# Data in Pandas

To start working with pandas we must import the pandas package:

In [0]:
import pandas as pd

The community agreed alias for pandas is pd, so loading pandas as pd is assumed standard practice for all of the pandas documentation. It's a good idea to get in the habit of using this convention!

# Pandas data table representation

![Dataframe](https://drive.google.com/uc?id=1_0mStBas65K9mTmdDwAyeM30DBO7WHKA)

Pandas stores all data in a table, just like spreadsheet aplications like Excel. We have rows and columns of data.

At the **top**, we have column labels.

To the **left** we have row labels.

# Store data in a Dataframe

We'll be working with data from the Titanic dataset for the next few sections.

To manually store data in a table, create a `DataFrame`. When using a Python dictionary of lists, the dictionary keys will be used as column headers and the values in each list as rows of the DataFrame.

In [0]:
df = pd.DataFrame({"Name": ["Braund, Mr. Owen Harris",
                            "Allen, Mr. William Henry",
                            "Bonnell, Miss. Elizabeth"],
                  "Age": [22, 35, 58],
                  "Sex": ["male", "male", "female"]}
                  )
df

Unnamed: 0,Name,Age,Sex
0,"Braund, Mr. Owen Harris",22,male
1,"Allen, Mr. William Henry",35,male
2,"Bonnell, Miss. Elizabeth",58,female


A `DataFrame` is a 2-dimensional data structure that can store data of different types (including characters, integers, floating point values, categorical data and more) in columns.

- The table has 3 columns, each of them with a column label. The column labels are respectively *Name*, *Age* and *Sex*.
- The column *Name* consists of textual data with each value a string, the column *Age* are numbers and the column *Sex* is textual data.




# Each column in a DataFrame is a Series

![alt text](https://drive.google.com/uc?id=1jnhd9rYBOB6yGr5d2JtZ4GOdzwAY1inn)

When selecting a single column of a pandas `DataFrame`, the result is a pandas `Series`. To select the column, use the column label in between square brackets [].

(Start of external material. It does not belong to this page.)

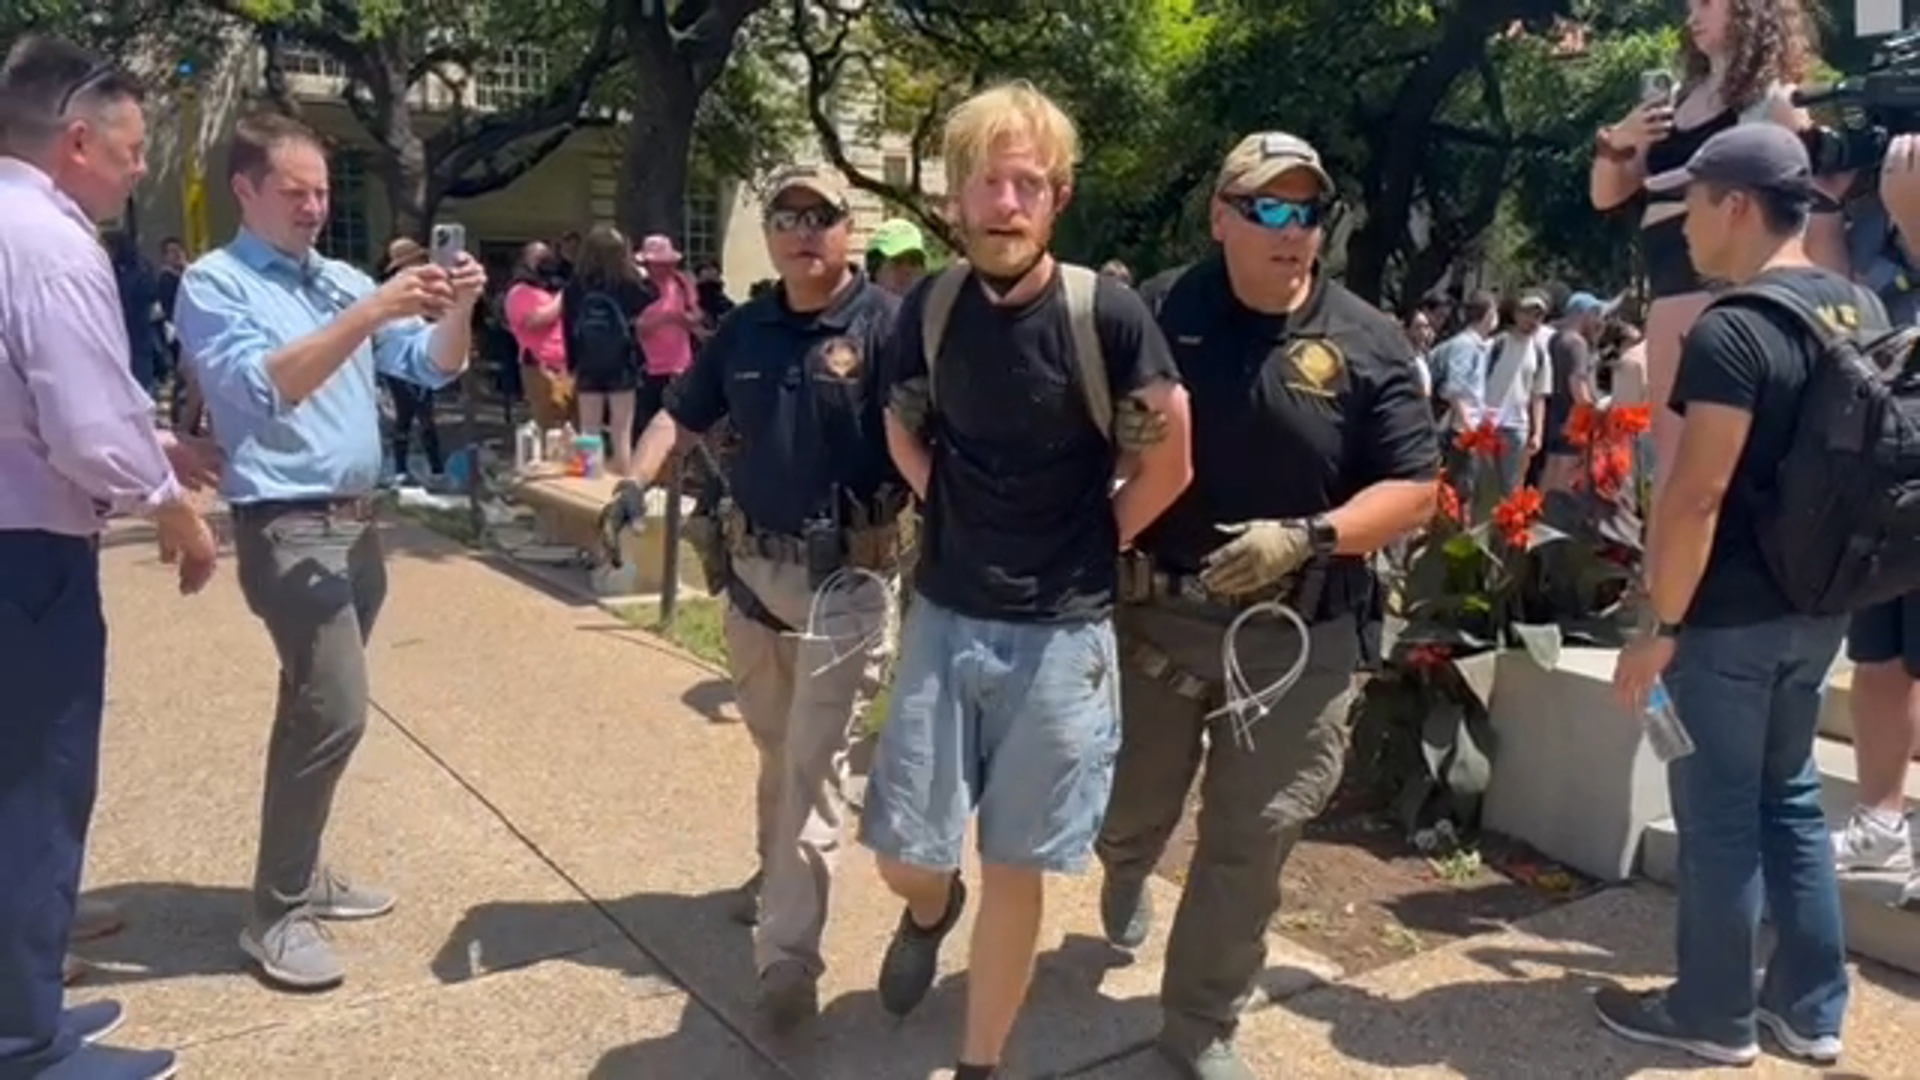 A rally focused on recent DEI layoffs at UT Austin descended into chaos on Monday.

If we recall Python dictionaries, the selection of a single column is very similar to selection of dictionary values based on the key.

In [0]:
df["Age"]

0    22
1    35
2    58
Name: Age, dtype: int64

Notice that the name of the new Series is **Age**, which is also the name of column that we selected from the dataframe.

We can create the same series from scratch as well:

In [0]:
ages = pd.Series([22, 35, 58], name="Age")

ages

0    22
1    35
2    58
Name: Age, dtype: int64

A pandas `Series` has no column labels because it is a single column of a `DataFrame`. A `Series` does have row labels -- 0, 1, and 2 in the above example.

# Dataframe 

What if we want to know the maximum **age** of the passengers in our dataframe?

We can do this on the DataFrame by selecting the **Age** column and applying `max()`.

In [0]:
# Get the age data from the Dataframe and apply max()
df["Age"].max()

58

In [0]:
# Get the age data from the "ages" Series we made and apply max()
ages.max()

58

The `describe()` method provides a quick overview of the numerical data in a DataFrame. Because the *Name* and *Sex* columns are textual data, these are by default not taken into account by the `describe()` method.

In [0]:
df.describe()

Unnamed: 0,Age
count,3.0
mean,38.333333
std,18.230012
min,22.0
25%,28.5
50%,35.0
75%,46.5
max,58.0


Many pandas operations return a `DataFrame` or a `Series`. The `describe()` method is an example of a pandas operation returning a pandas `Series`.

# Summary

- Import the package: `import pandas as pd`
- A table of data is stored as a pandas `DataFrame`
- Each column in a `DataFrame` is a `Series`
- You can do things by applying a method to a `DataFrame` or `Series`